Building a thing of beauty out of even a plain-Jane rig is easier today than ever before, veterans say. “You can order more stuff straight from the dealer than when I first started to show,” Holsomback says. Even custom touches, such as lengthened frames or stainless fenders, are easier to come by. “There were only four people in the country when we started,” says Karen Zander, who has been participating in truck beauty shows with her husband, Harvey, for eight years.

And while building a show truck may not be as tough as it used to be, the hard work of cleaning and detailing hasn’t changed. To prepare for judging, Stephens and other successful contestants dress and letter their tires, color in their mudflaps to match their truck colors and lie underneath their trucks to touch up chipped paint. “You don’t just go out and spend 10 grand on chrome, run it through a truck wash and wonder why it doesn’t win,” Stephens told Overdrive after winning his third consecutive Best of Show title in Louisville, Ky., in 1998.

Jeff England, a longtime Pride & Polish participant, agrees. To prepare for last year’s Pride & Polish in Dallas, he and four helpers hand-rubbed the entire trailer, “sides, underneath, every inch.” The extra effort paid off when his 2002 Peterbilt 379 extended hood took home Best of Show Combination, as well as several other trophies.

Truck show veterans who win – and keep winning – do so in part because they continually strive to differentiate themselves from the competition, Pike says. He tells of being at truck beauty shows and having another contestant pull in with a rig almost identical to his. “They copy what wins,” he says. “I can’t blame them. They want to do good.” Imitation may be the sincerest form of flattery, but it’s a big reason why Pike says he keeps making small changes to Ole Rag.

Contestants don’t influence only each other. Neal Holsomback, for one, believes truck beauty shows have spilled over into other parts of the industry. “There’re more good-looking trucks on the road now than there’s ever been,” he says. Compared to the 30 or 40 show-quality trucks around when he started, “Now you see trucks running down the road that could clean up and win,” he says.

And that’s good for the image of the industry. Pike says the attention his truck gets on the road is like “a truck show everywhere you go.” For example, a DOT inspector who pulled him over told him: “I should’ve had my sunglasses on when I came up alongside you,” Pike says.

The pride contestants take in their own rigs doesn’t keep them from building strong friendships – even among fierce competitors. Harvey and Karen Zander, who have won multiple trophies with Icy Blu and Icy Blu 2, consider Mike and Bonnie Burns, who own Dream Catcher, their best friends. “People ask: ‘How can you be best friends and compete?’ ” Karen says.
“It’s because we’re always in each other’s corners – a true friendship,” Harvey says.

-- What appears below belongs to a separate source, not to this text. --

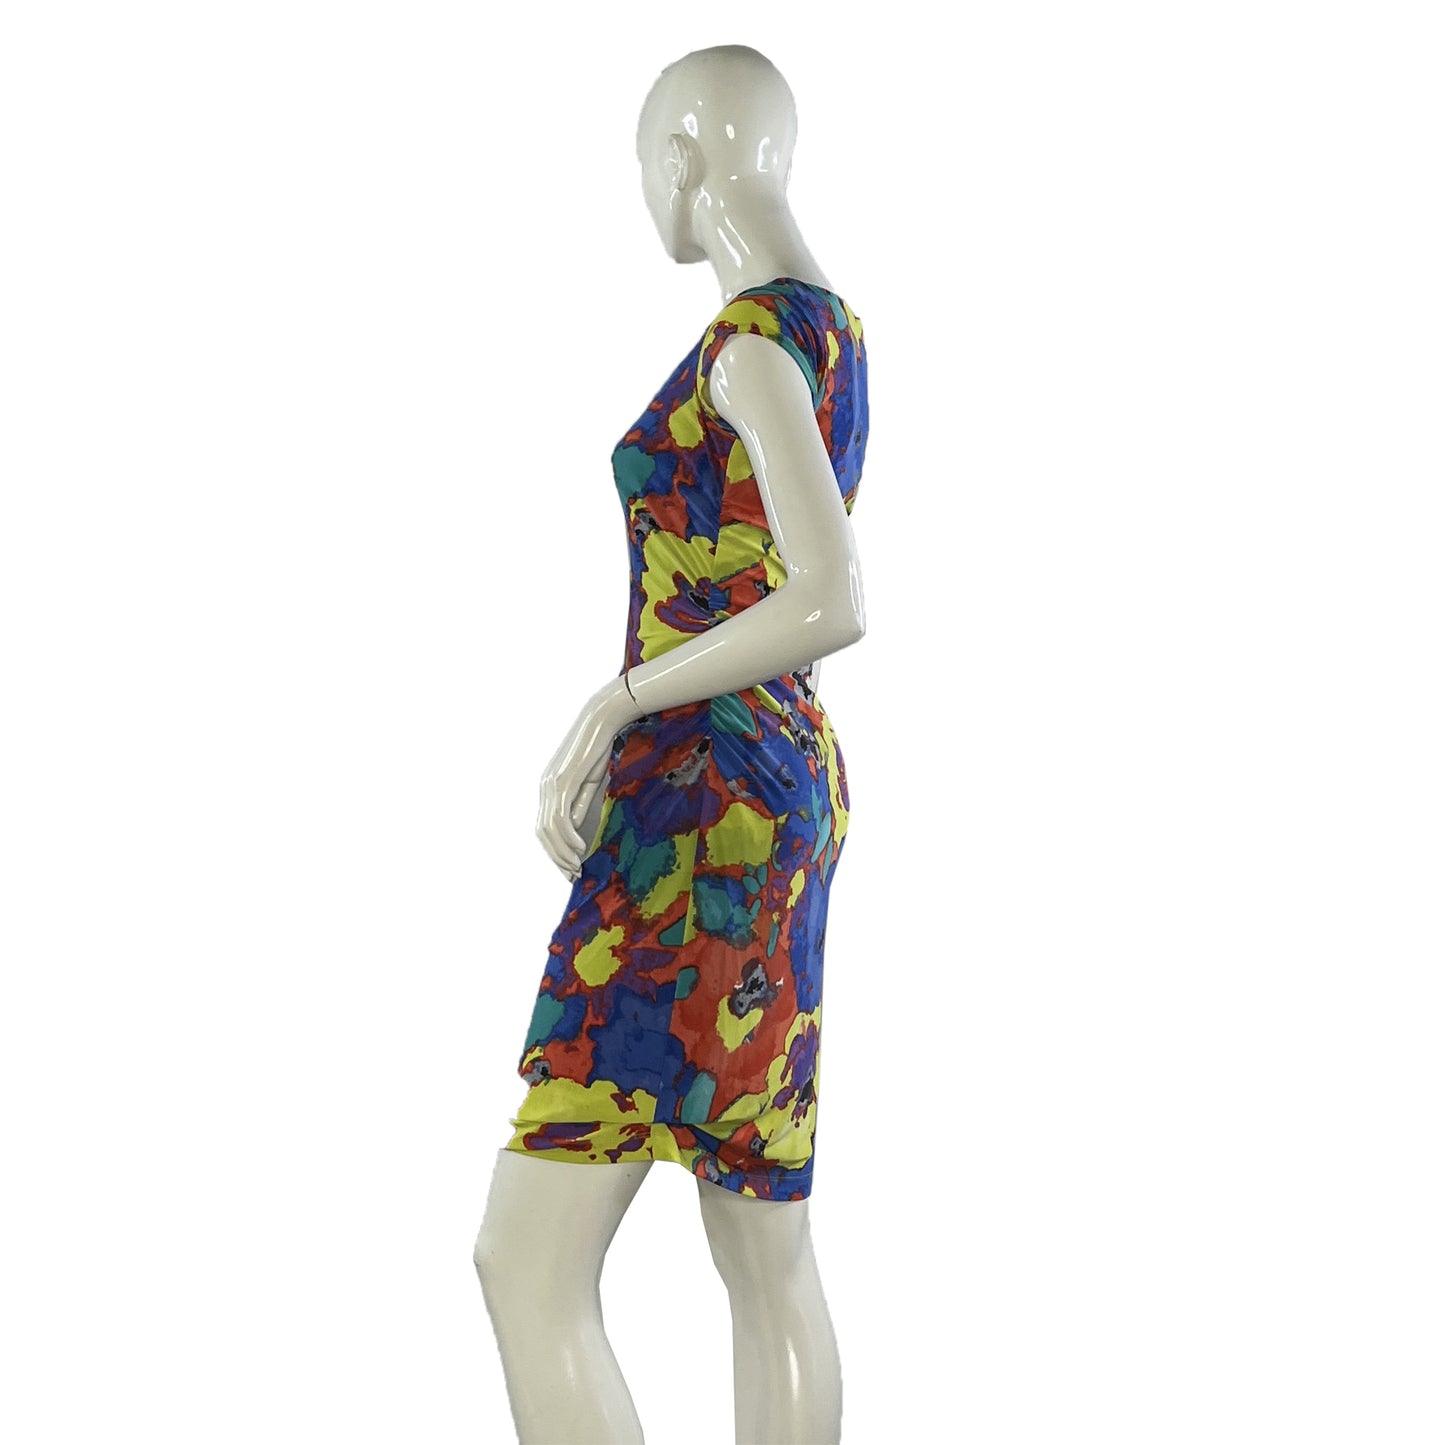 Jones NY Dress  Abstract Pattern Red, Blue, Yellow, Teal Sz 4 SKU 000414
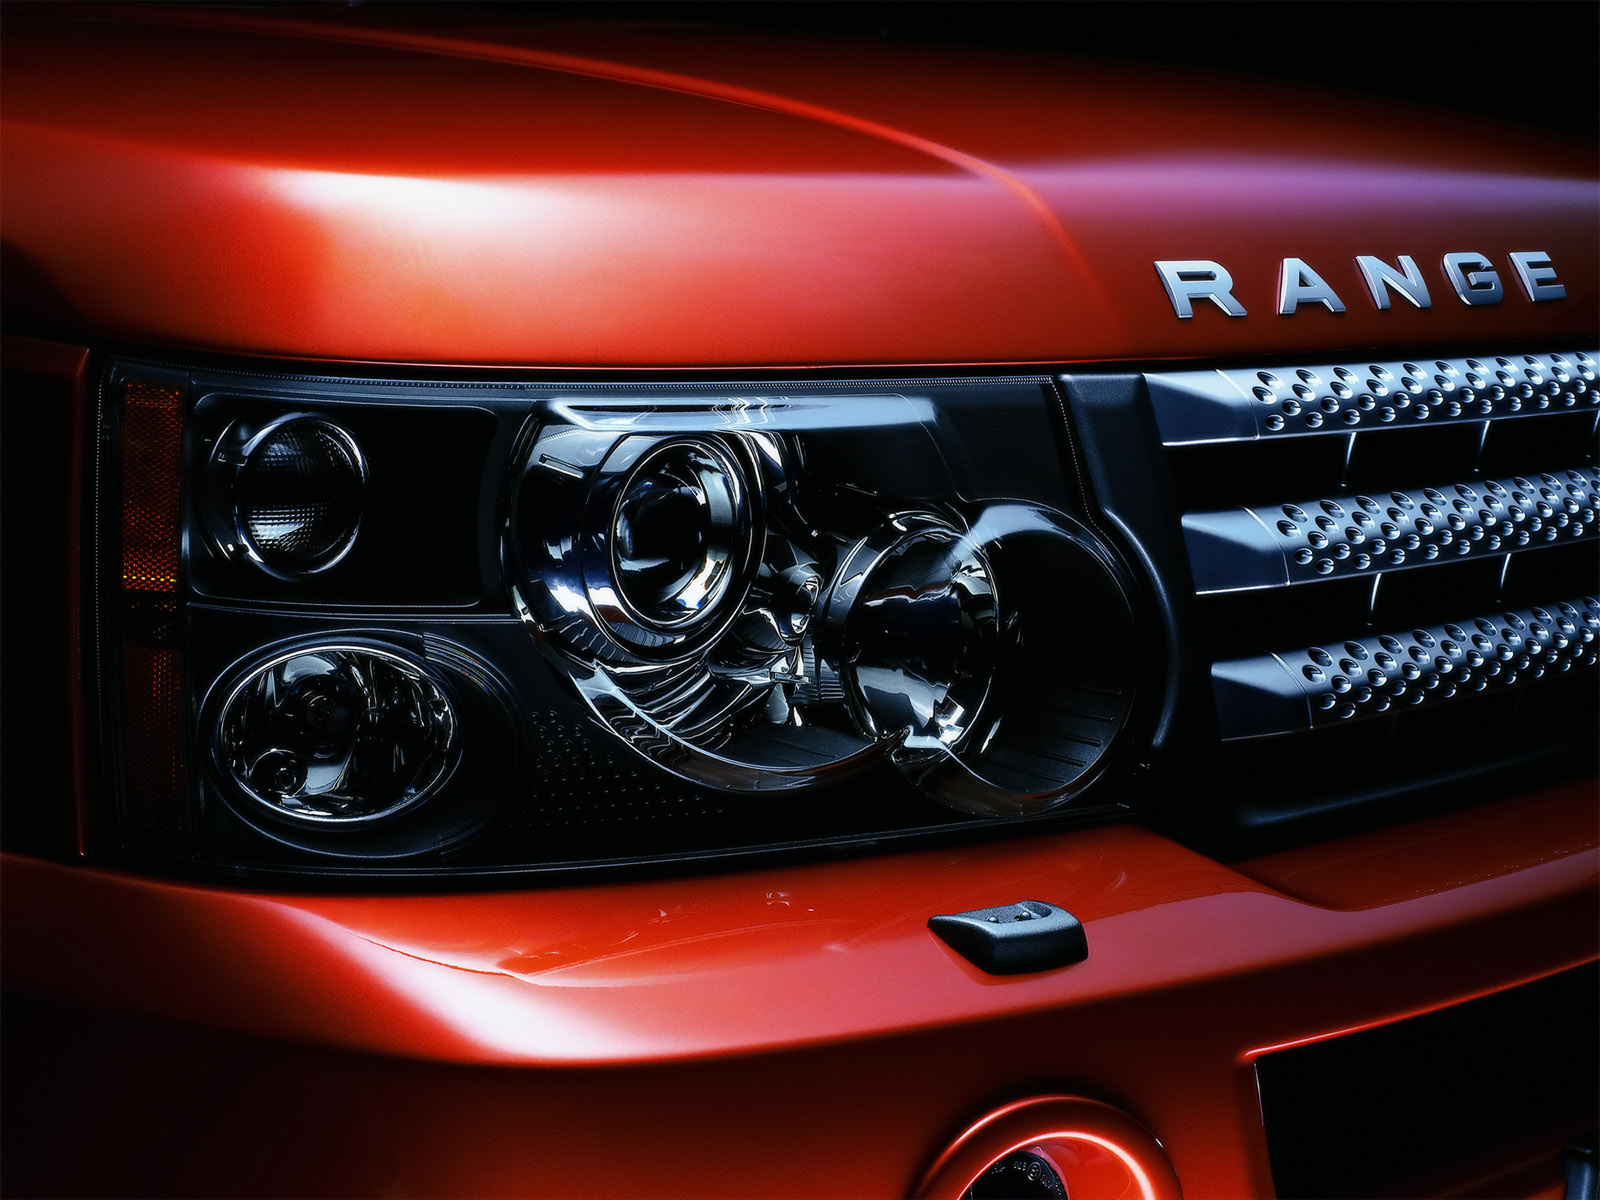 HD Range Rover Wallpaper Sport Background Image For

Sometimes tragedy brings the truck beauty show community together. Neal Holsomback recalls his first show, the 1997 Pride & Polish in Atlanta, where fellow contestants Mark and Andrea Yeats left early when they learned their teenage son had been killed in a car accident. The contestants took up a collection for the Yeats family, forging a bond that remains today. “We still see Mark and his wife at all the truck shows,” Holsomback says. “The ones who were there in 1997 have all become real good friends.”

Pride & Polish veterans say the friendships they’ve built and the pride that comes from driving a head-turning rig motivate them to keep showing. And if their creativity and hard work pay off with a few trophies, so much the better. It is a competition, after all.

“You don’t want to feel like you’re bragging,” Holsomback says.

“Yes you do,” Barbara says with a laugh.

But in the end, for those involved, owning a working show truck goes beyond taking home the most trophies or getting on a calendar or the cover of Overdrive – the equivalent of a sports hero making it to a Wheaties box or a Sports Illustrated cover. More times than not, the work outweighs the glamour, but it’s worth it.

“It’s truly a lifestyle, not a job,” says Heather Hogeland, longtime contest veteran with the 1999 Kenworth W900L, Total Obsession, she owns with her husband, Roger. “It’s about our love for our truck and showing it off for our industry.”
-Laura Crackel contributed to this article.

Before winning their first Best of Show Combination award, Neal and Barbara Holsomback and their son Jay spent two days cleaning the tractor and trailer, including 13 hours underneath and seven on the outside of the trailer. But whether or not he’s getting ready to show Plum Classy, his 1988 Peterbilt 379, Neal says he cleans underneath it once a month.